Older fonts

33 views

Skip to first unread message

Geo Past

unread,

Aug 22, 2016, 7:06:35 AM8/22/16

to tesseract-ocr

Hi everyone,

I'm running a Tesseract install for my project and i'm hoping to improve OCR results. At the moment i convert each image to grayscale to get better results.

Here's a few examples of the content i'm dealing with:

https://www.flickr.com/photos/sarniahistoricalsociety/24629031156/in/album-72157663444855040/

https://www.flickr.com/photos/sarniahistoricalsociety/27218048966/in/album-72157663444855040/

https://www.flickr.com/photos/sarniahistoricalsociety/27251861635/in/album-72157663444855040/

https://www.flickr.com/photos/sarniahistoricalsociety/27251771435/in/album-72157663444855040/

As you can see each example text is quite different. I'm wondering what the best approach would be - trying to find matching fonts for tesseract? All comments welcome :)

Thanks,

Neil

Tom Morris

unread,

Aug 23, 2016, 1:35:28 AM8/23/16

to tesseract-ocr

On Monday, August 22, 2016 at 7:06:35 AM UTC-4, Geo Past wrote:

I'm running a Tesseract install for my project and i'm hoping to improve OCR results. At the moment i convert each image to grayscale to get better results.

Here's a few examples of the content i'm dealing with:

https://www.flickr.com/photos/sarniahistoricalsociety/24629031156/in/album-72157663444855040/

This one is hand printed. Probably not a good candidate for Tesseract...

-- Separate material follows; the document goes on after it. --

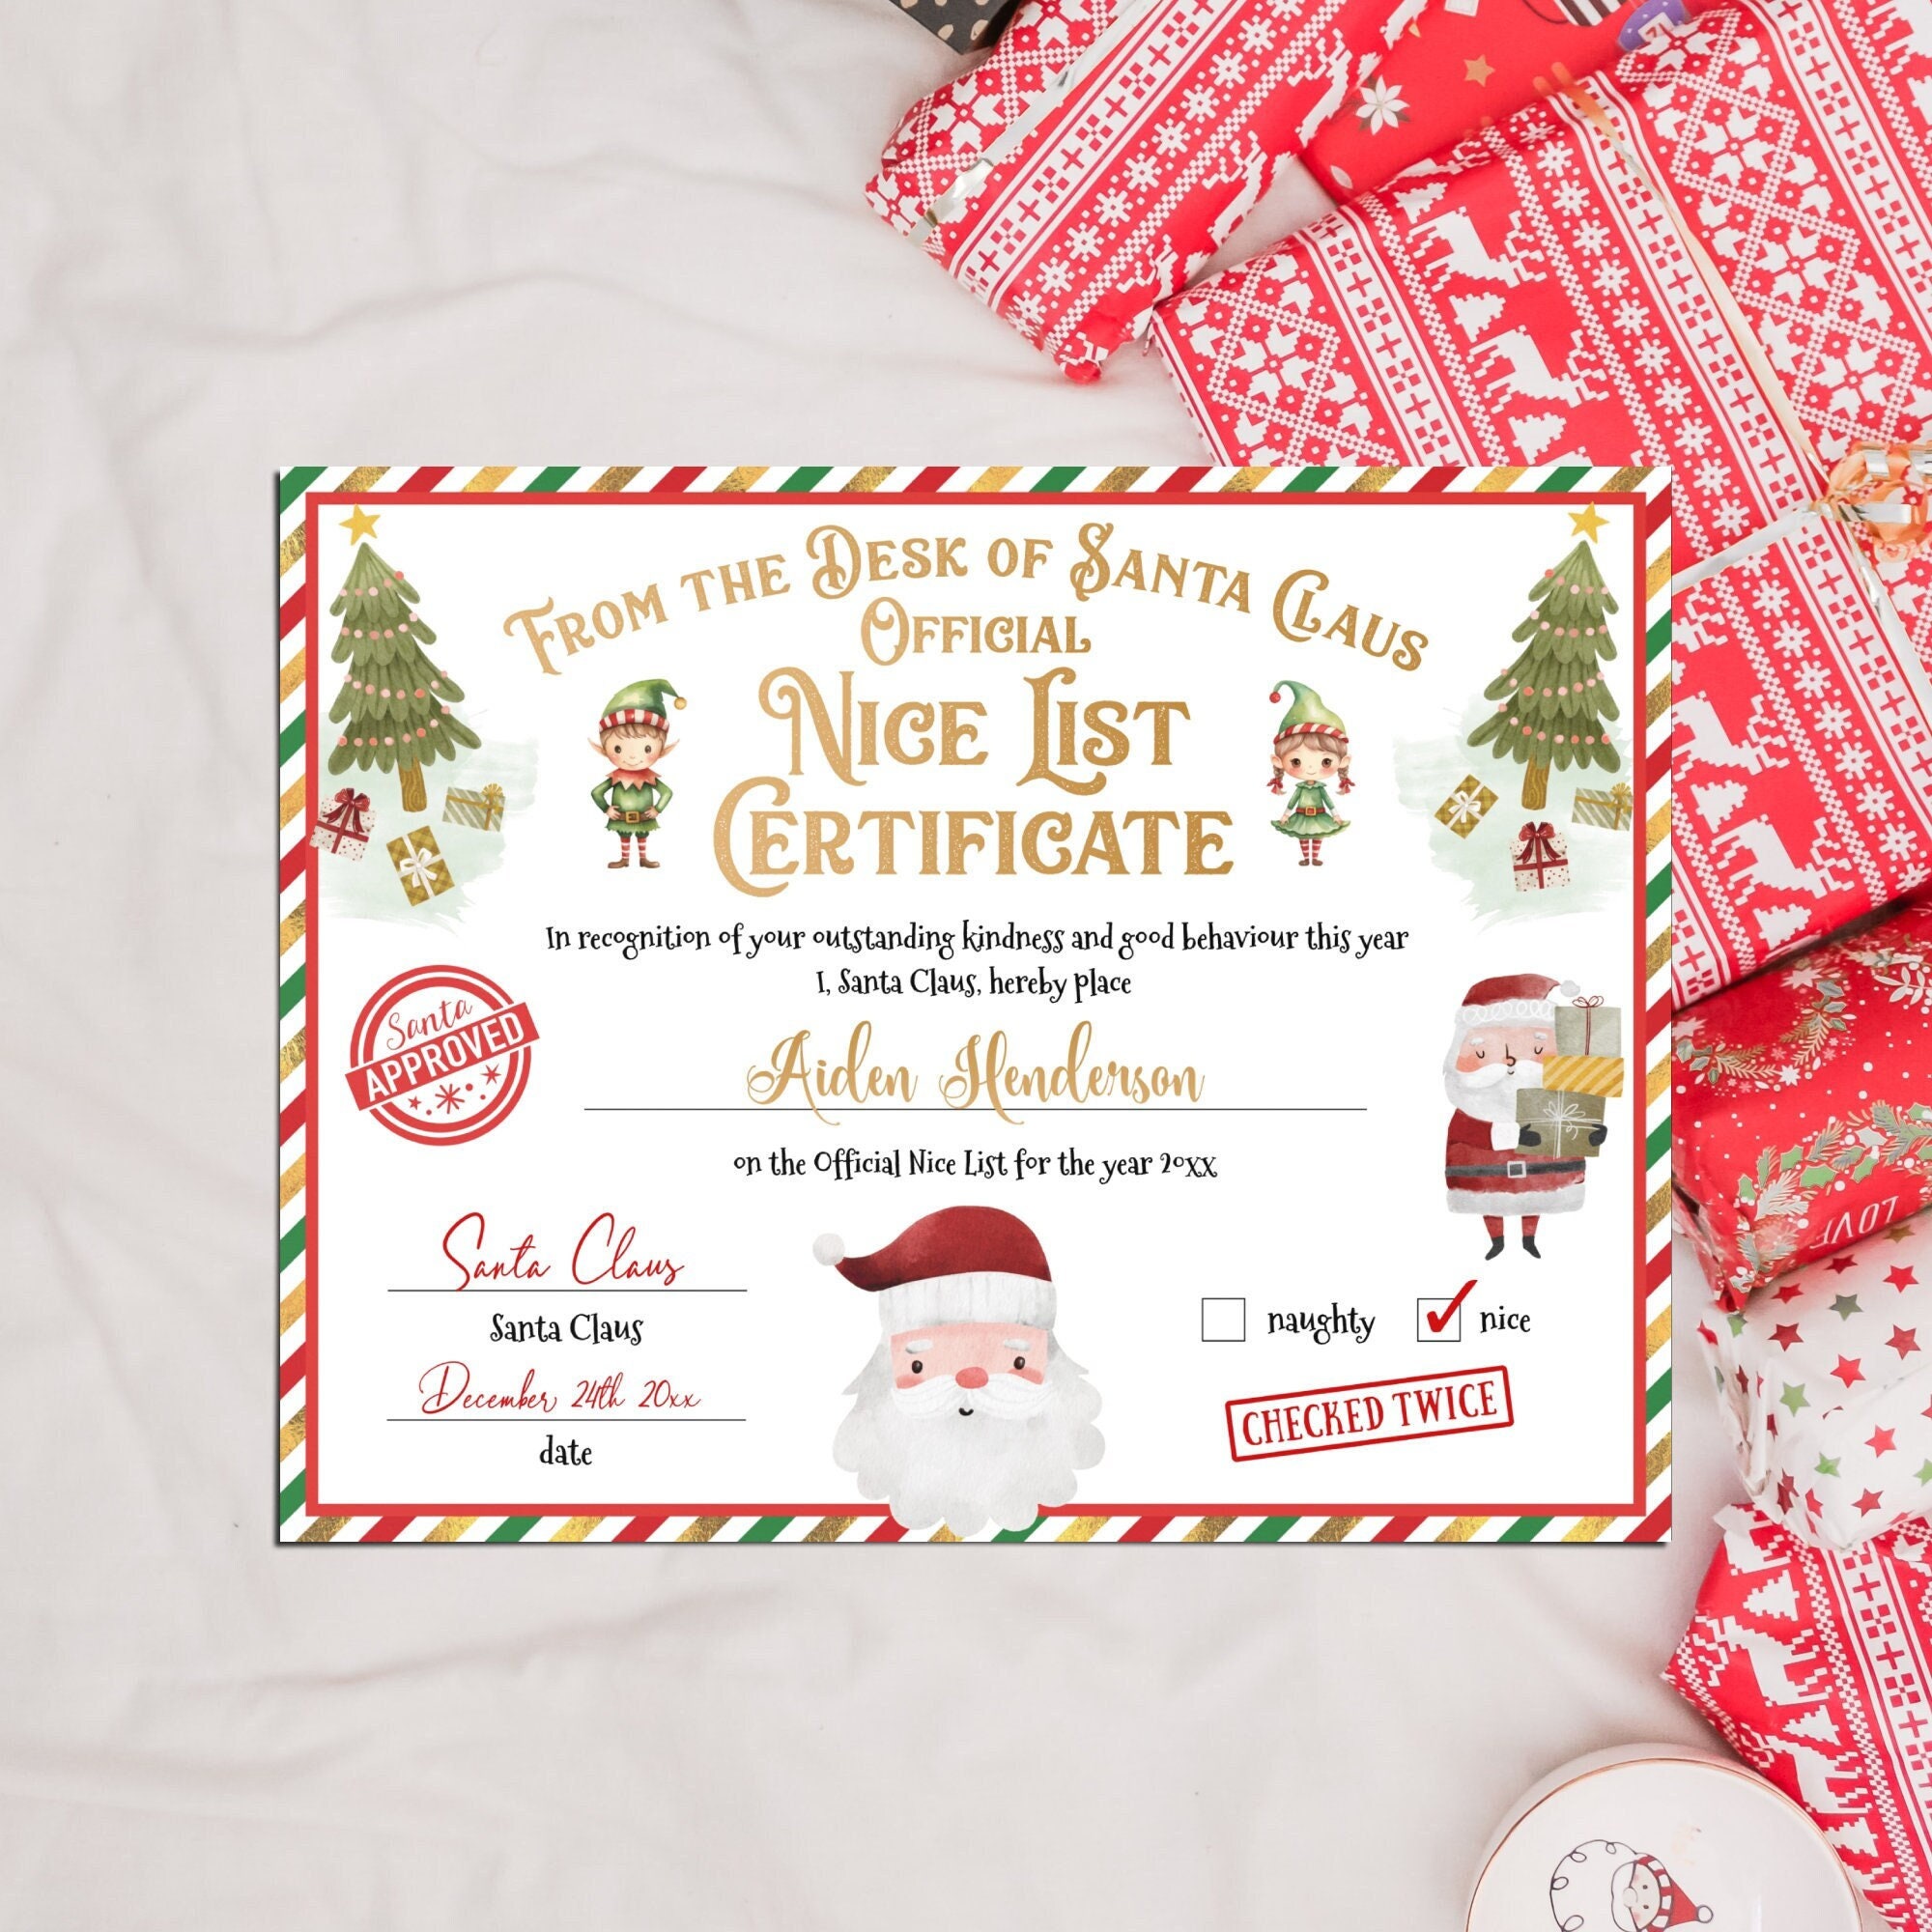 Nice and Naughty List Certificates - 48-Pack Christmas Certificate Paper  from Santa Claus for Kids, Xmas Party Favors, Gold Foil Print Design, 36  Nice

https://www.flickr.com/photos/sarniahistoricalsociety/27218048966/in/album-72157663444855040/
https://www.flickr.com/photos/sarniahistoricalsociety/27251861635/in/album-72157663444855040/
https://www.flickr.com/photos/sarniahistoricalsociety/27251771435/in/album-72157663444855040/

As you can see each example text is quite different. I'm wondering what the best approach would be - trying to find matching fonts for tesseract? All comments welcome :)

The remaining ones look like real fonts, although the first is almost completely obscured by the background and the last is bifurcated by the image edge. I suspect if you can successfully deal with those issues, the font issues will fade into the background (and, if not, you can enhance the training to include the fonts you are interested in).